We had a blast. Michael Jackson and his brothers did all of the old hits that we’d grown up with bringing me back to my junior high school days of Tiger Beat and posters of teen idols. My locker sported an 8×10 glossy of dreamy eyed David Cassidy, wearing a blue collared shirt, a puka shell necklace and his famous shag hairstyle. To my left, my classmate had a picture of Donny Osmond and his big white toothy smile. To my right, another classmate had a picture of Michael Jackson with his afro, ebony eyes and sweet smile. We’d joke about who had a crush on the better-looking teen idol. And, we’d all agreed, Michael had the best moves and was the most fun to watch.
With gyros in hand, I jumped in the car and shared the news about Michael Jackson with my family. Ted immediately said, “That was our first date. The Michael Jackson reunion tour with his brothers.” I smiled and the girls bit into their gyros dripping with tzatziki. They were far more engrossed with their snack than the news I’d shared, despite my reminder that he’d attained international celebrity status.
That evening, I stopped in to borrow some olive oil from my cousin, and the news focused on everything on Michael Jackson with his songs playing in the background and his face plastered in the corner of the screen. My cousin explained the newscaster’s remarks to me.
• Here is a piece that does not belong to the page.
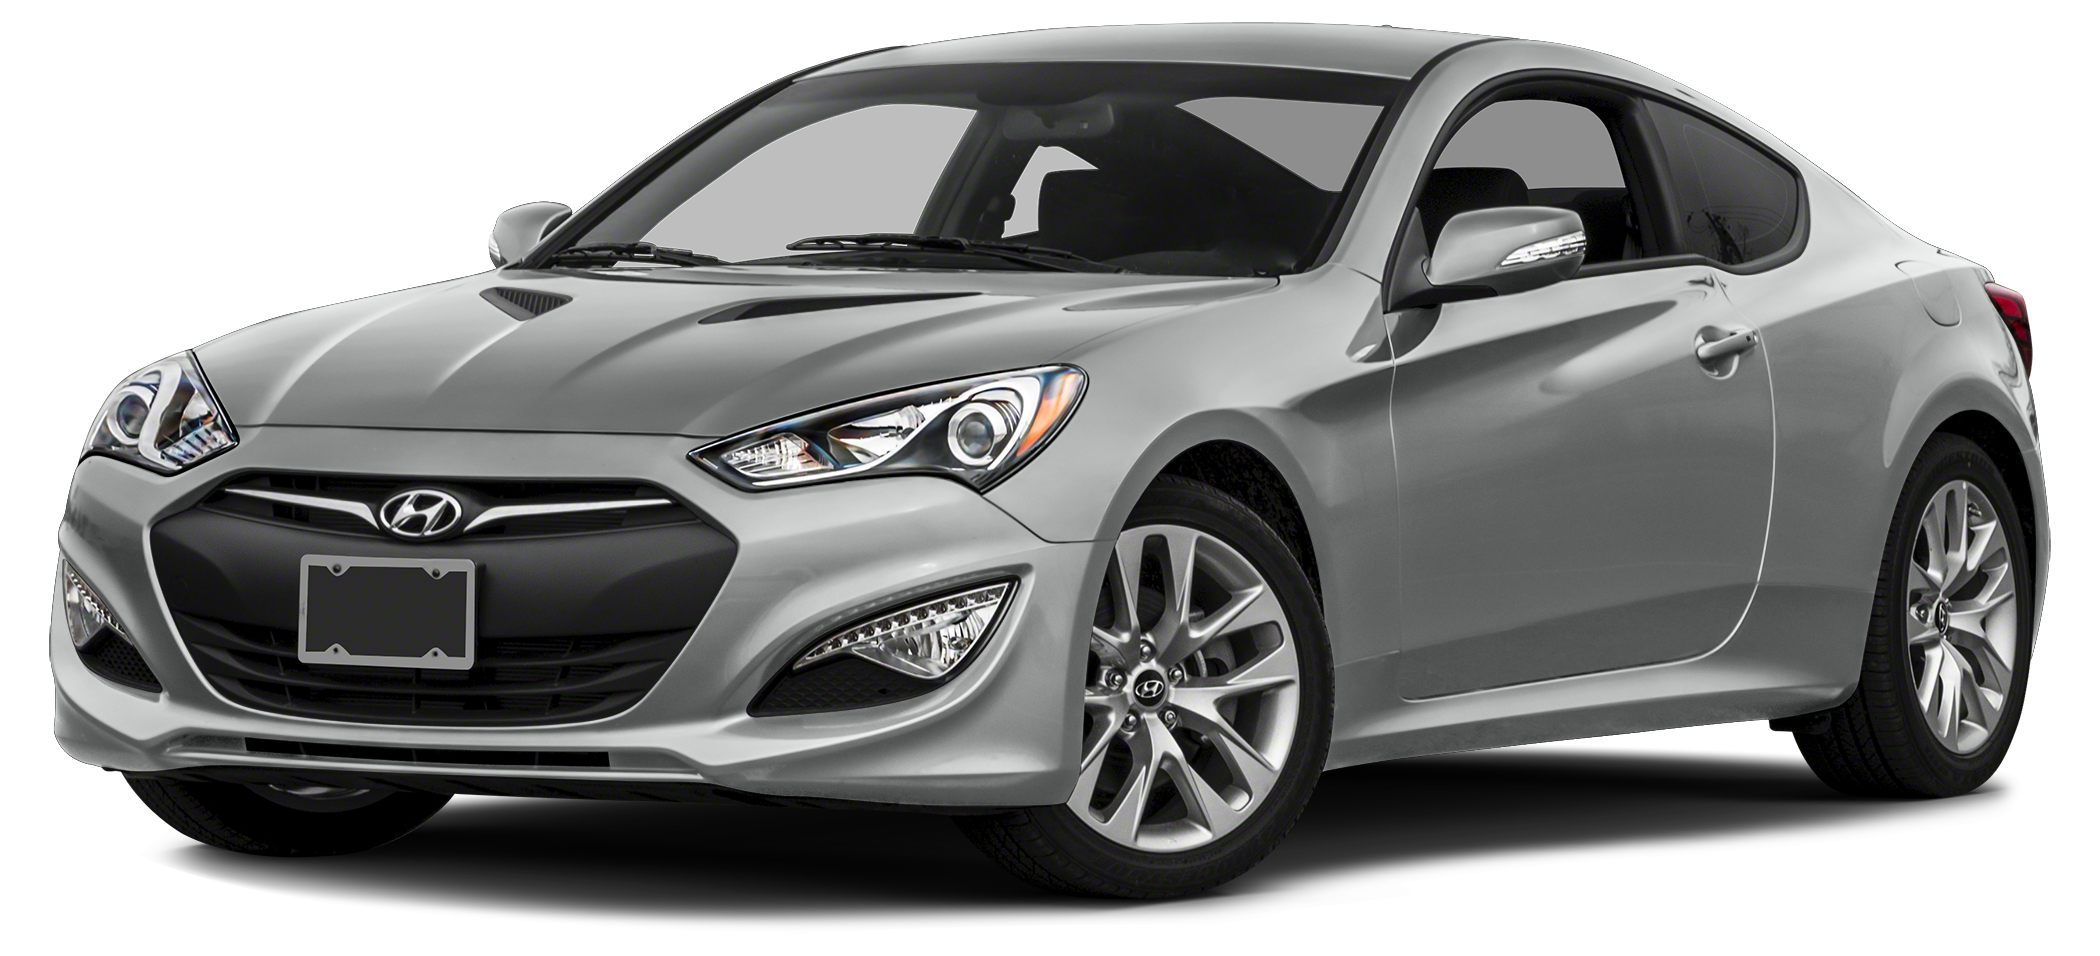 2015 Hyundai Genesis Coupe 38 Miles 1550Color Santiago Silver Stock M6270 VIN KMHHU6KJ8FU12

His passing had been the headline story all over the world.
A few evenings later we walked down that branched off street in Gouvia that had lengthened to the highway, offering a few more parking spots. It had sprouted gift shops, restaurants, a few hotels and Wi-Fi lounges. I stopped at the bar that advertised “Elvis, here tonight.” I peeked in and spotted, wearing one of the jumpsuits he’d made famous in the 70s, a Greek Elvis impersonator with mike in hand, his voice shaking more than his hips. He sang “Only Fools Rush In,” his words strained through a thick Greek accent. I snapped a picture, thoroughly flabbergasted by the Elvis sighting on Corfu.
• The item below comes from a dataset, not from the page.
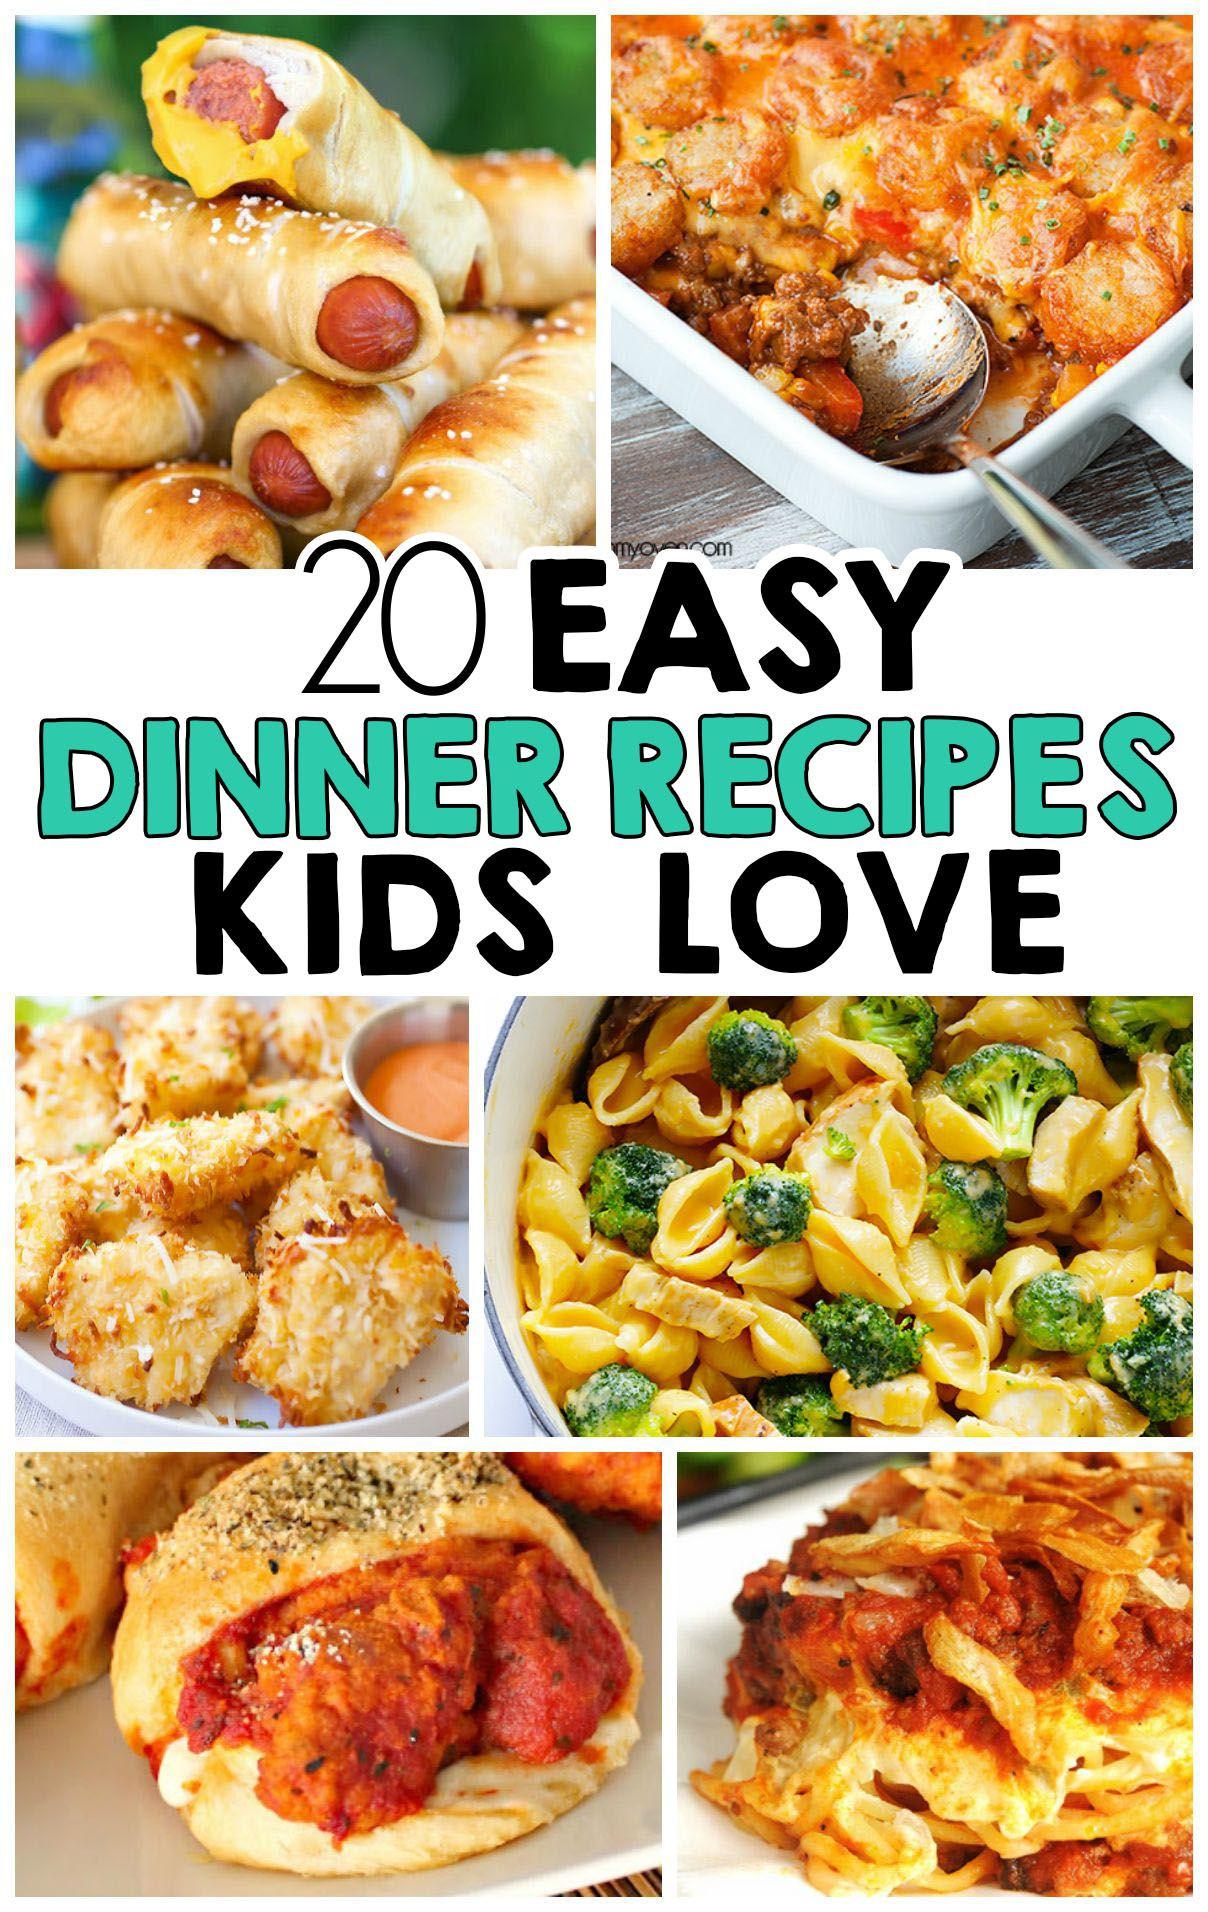 Easy Healthy Dinner Recipes  20 Easy Dinner Recipes That Kids Love

Continuing down the street Greek Elvis’ voice followed and I must admit the upbeat renditions had me singing along, “Just wanna be yourrrr teddy bear.” Of course, my teenage daughters thought I’d stepped off planet Mars. “Mom, you’re so weird.” Nope, Mom’s just a fan of Elvis, the King of Rock n Roll!”
And so, I’d left Corfu after that visit feeling the loss of two musical icons. One, who had just perished with great debate, and the other who continued to live on through idol makers refusing to let go. Both will always have a playlist reserved on my iPod and I’m thrilled to have known their music and enjoyed their performances. I wish I could say I saw Elvis live in concert. Hubba, hubba. Does it count that when I was eleven he’d performed live from Hawaii, telecast straight into our den?(Yes, in January of 1973 these television rooms off the beaten path were known as dens.)
Both Elvis and Michael Jackson had so much talent, style and passion that, all over the world, their music will be forever cherished. Of course, in doing so, we’ll inspire a motley crew of impersonators.